Abstract
Tuberculosis continues to be a serious health problem worldwide. The disease continues to be underdiagnosed and not properly treated. In conditions that affect the immune system, such as multiple sclerosis (MS), latent tuberculosis may thrive and reactivate during the use of immunomodulatory and immunosuppressive drugs. Among the best treatment options for patients with latent or active tuberculosis who have MS are IFN-β, glatiramer acetate and mitoxantrone. Drugs leading to a reduced number and/or function of lymphocytes should be avoided or used with caution. Tuberculosis must always be investigated in patients with MS and treated with rigor.

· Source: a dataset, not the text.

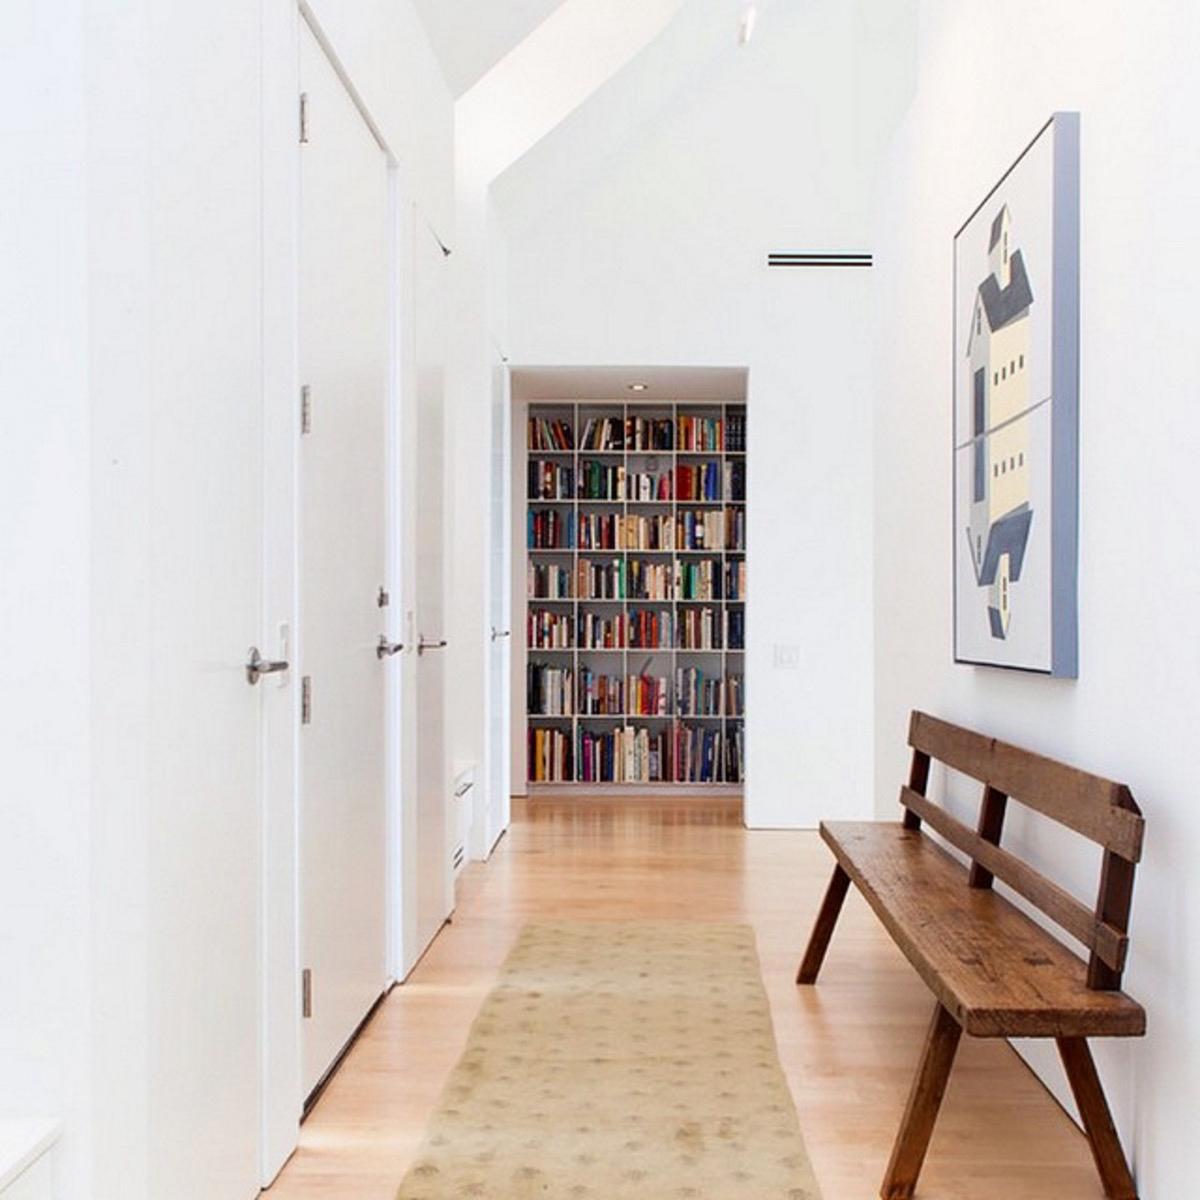 interiordesign marvellous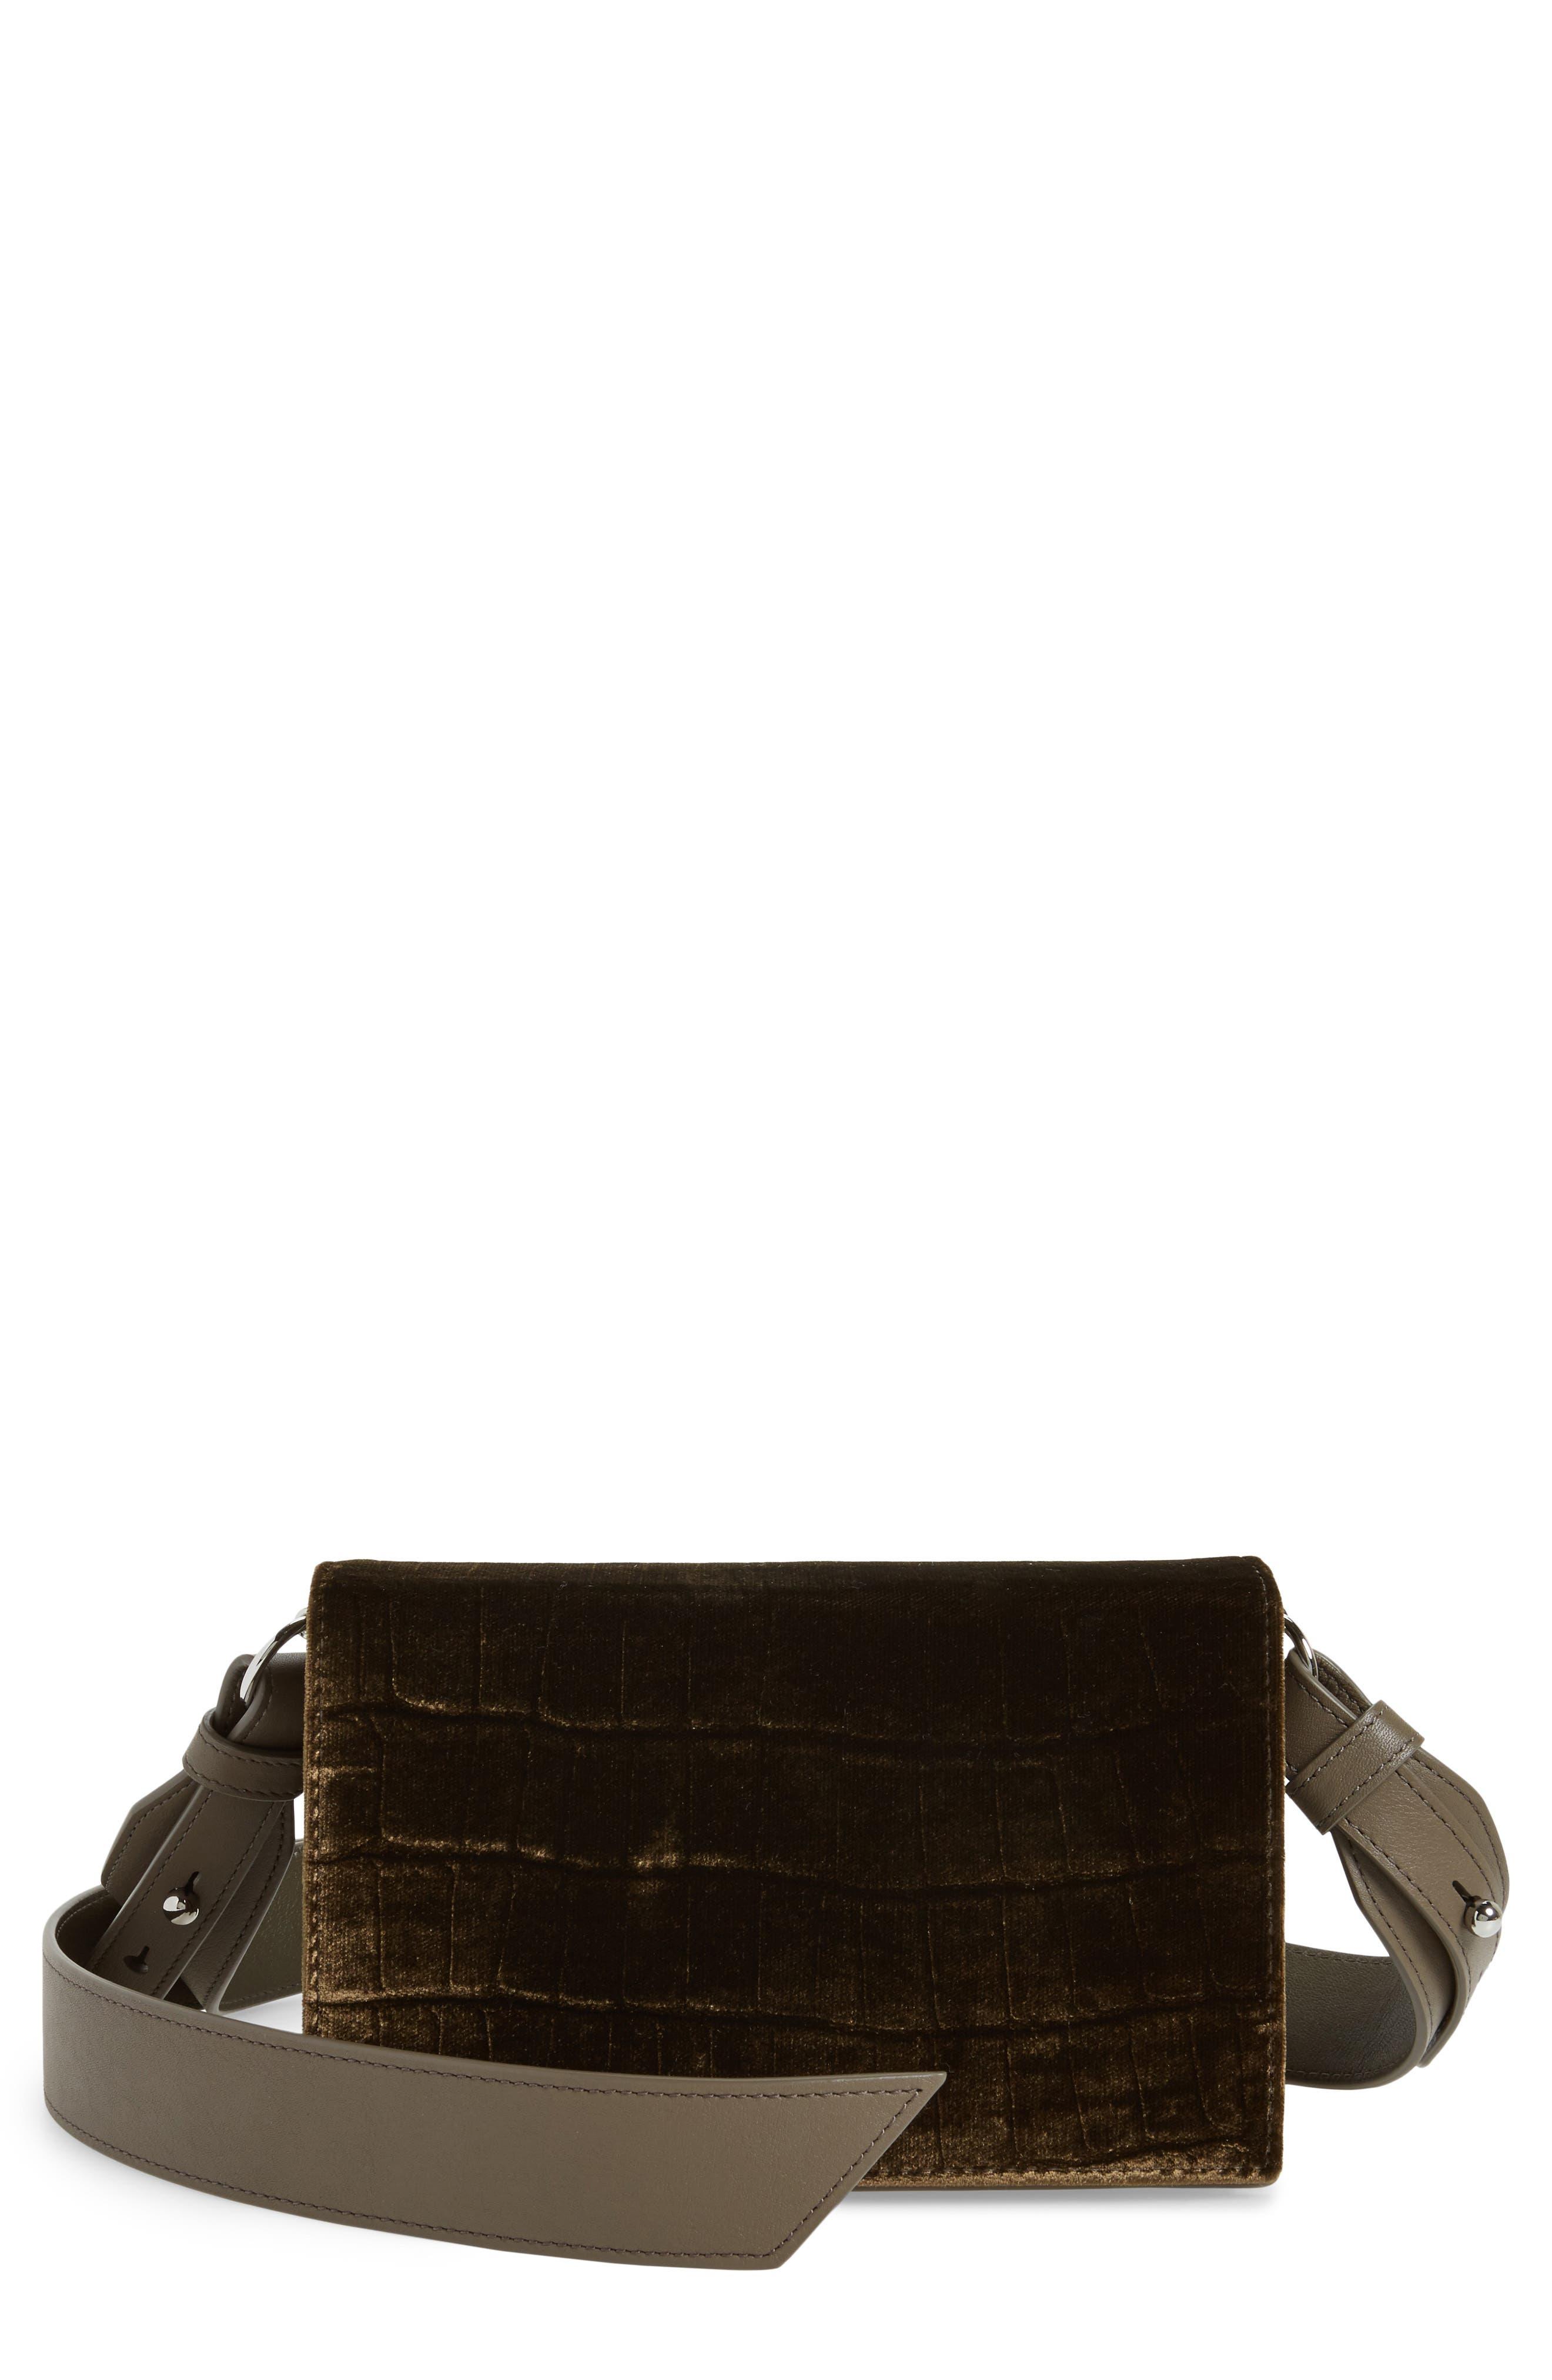 Allsaints Shoulder bags KEEL SHOULDER BAG - GREY

Financial & competing interests disclosure
The authors have no relevant affiliations or financial involvement with any organization or entity with a financial interest in or financial conflict with the subject matter or materials discussed in the manuscript. This includes employment, consultancies, honoraria, stock ownership or options, expert testimony, grants or patents received or pending, or royalties.
No writing assistance was utilized in the production of this manuscript.
Tuberculosis and multiple sclerosis (MS) are severe diseases that are increasing worldwide, affecting mainly young adults.
Drugs used for the treatment of MS are immunomodulatory and/or immunosuppressive. Therefore, these drugs may facilitate the reactivation of tuberculosis.
Investigation and treatment of active or latent tuberculosis should be considered for all patients undergoing treatment of MS. Despite the idea that tuberculosis is a disease of the underdeveloped world and MS is a disease of developed countries, this cannot be held true for the global situation we live in the 21 century.
Immunosuppressive drugs should be avoided in patients at risk of tuberculosis. The risk should be tested more than only at the institution of a new therapy.
The safest drugs to be used in patients with latent tuberculosis are IFN-β, glatiramer acetate and mitoxantrone.